Authors Martey O, Nimick M, Taurin S, Sundararajan V, Greish K, Rosengren RJ

Received 11 August 2017

Accepted for publication 9 September 2017

Published 4 October 2017 Volume 2017:12 Pages 7225—7237

DOI https://doi.org/10.2147/IJN.S148908

Checked for plagiarism Yes

Review by Single-blind

Peer reviewers approved by Dr Alexander Kharlamov

Peer reviewer comments 2

Editor who approved publication: Dr Thomas J Webster


Orleans Martey,1 Mhairi Nimick,1 Sebastien Taurin,1 Vignesh Sundararajan,1 Khaled Greish,2 Rhonda J Rosengren1

1Department of Pharmacology and Toxicology, University of Otago, Dunedin, New Zealand; 2Department of Molecular Medicine, College of Medicine and Medical Sciences, Arabian Gulf University, Manama, Kingdom of Bahrain

Abstract:
Patients with triple negative breast cancer have a poor prognosis due in part to the lack of targeted therapies. In the search for novel drugs, our laboratory has developed a second-generation curcumin derivative, 3,5-bis(3,4,5-trimethoxybenzylidene)-1-methylpiperidine-4-one (RL71), that exhibits potent in vitro cytotoxicity. To improve the clinical potential of this drug, we have encapsulated it in styrene maleic acid (SMA) micelles. SMA-RL71 showed improved biodistribution, and drug accumulation in the tumor increased 16-fold compared to control.

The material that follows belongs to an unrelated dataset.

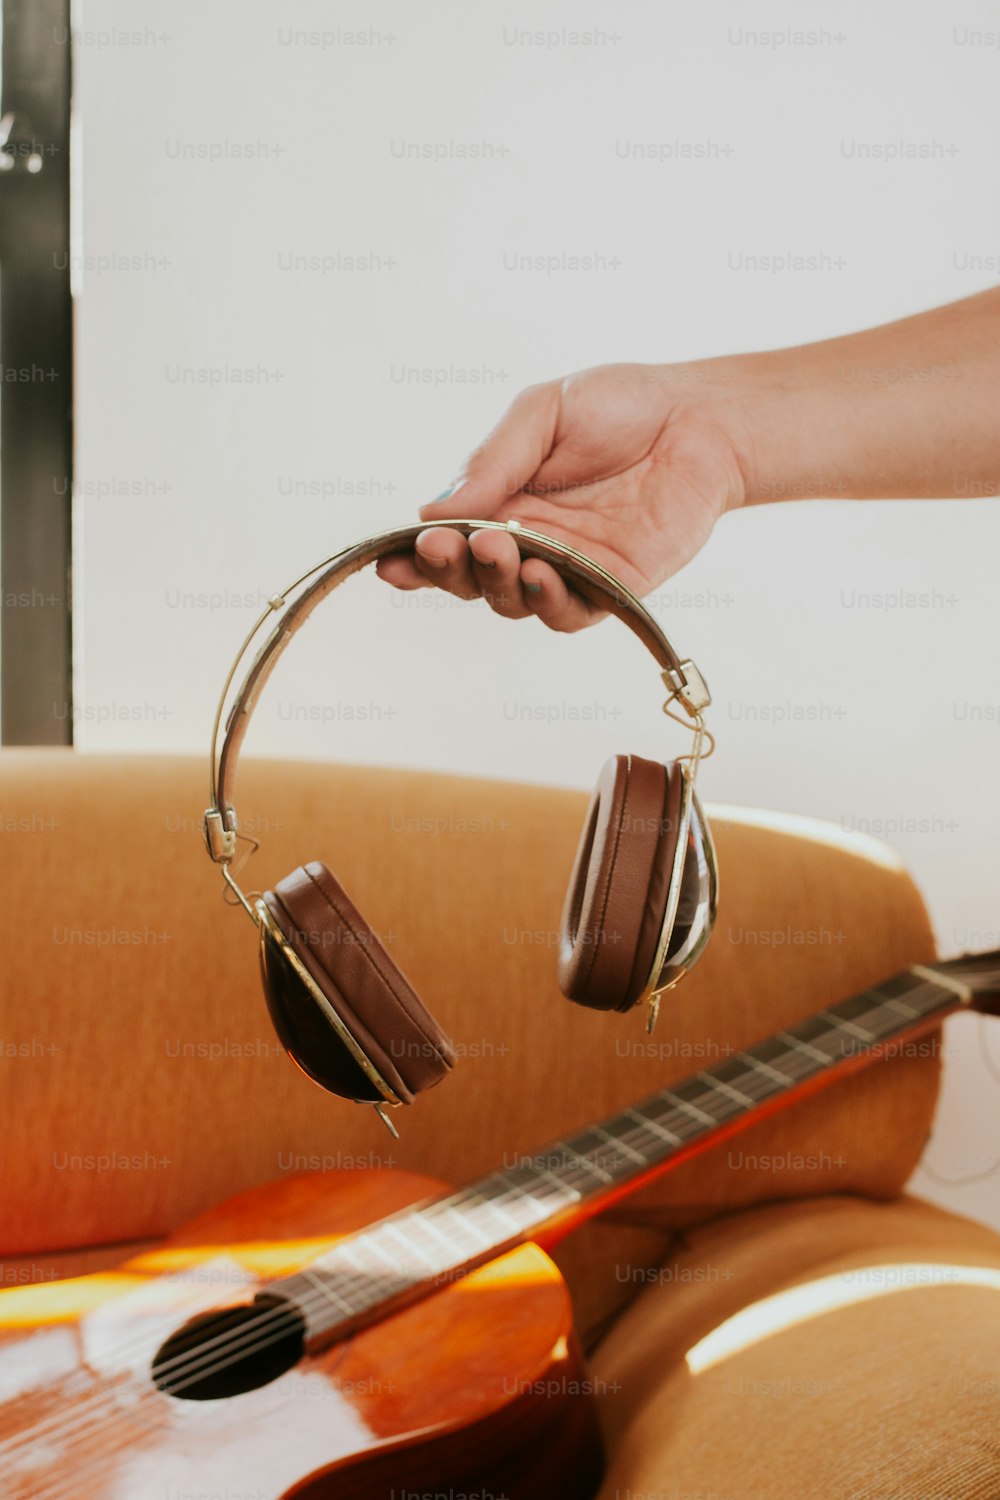 a person holding a pair of headphones in front of a guitar

SMA-RL71 (10 mg/kg, intravenously, two times a week for 2 weeks) also significantly suppressed tumor growth compared to control in a xenograft model of triple negative breast cancer. Free RL71 was unable to alter tumor growth. Tumors from SMA-RL71-treated mice showed a decrease in angiogenesis and an increase in apoptosis. The drug treatment also modulated various cell signaling proteins including the epidermal growth factor receptor, with the mechanisms for tumor suppression consistent with previous work with RL71 in vitro. The nanoformulation was also nontoxic as shown by normal levels of plasma markers for liver and kidney injury following weekly administration of SMA-RL71 (10 mg/kg) for 90 days. Thus, we report clinical potential following encapsulation of a novel curcumin derivative, RL71, in SMA micelles.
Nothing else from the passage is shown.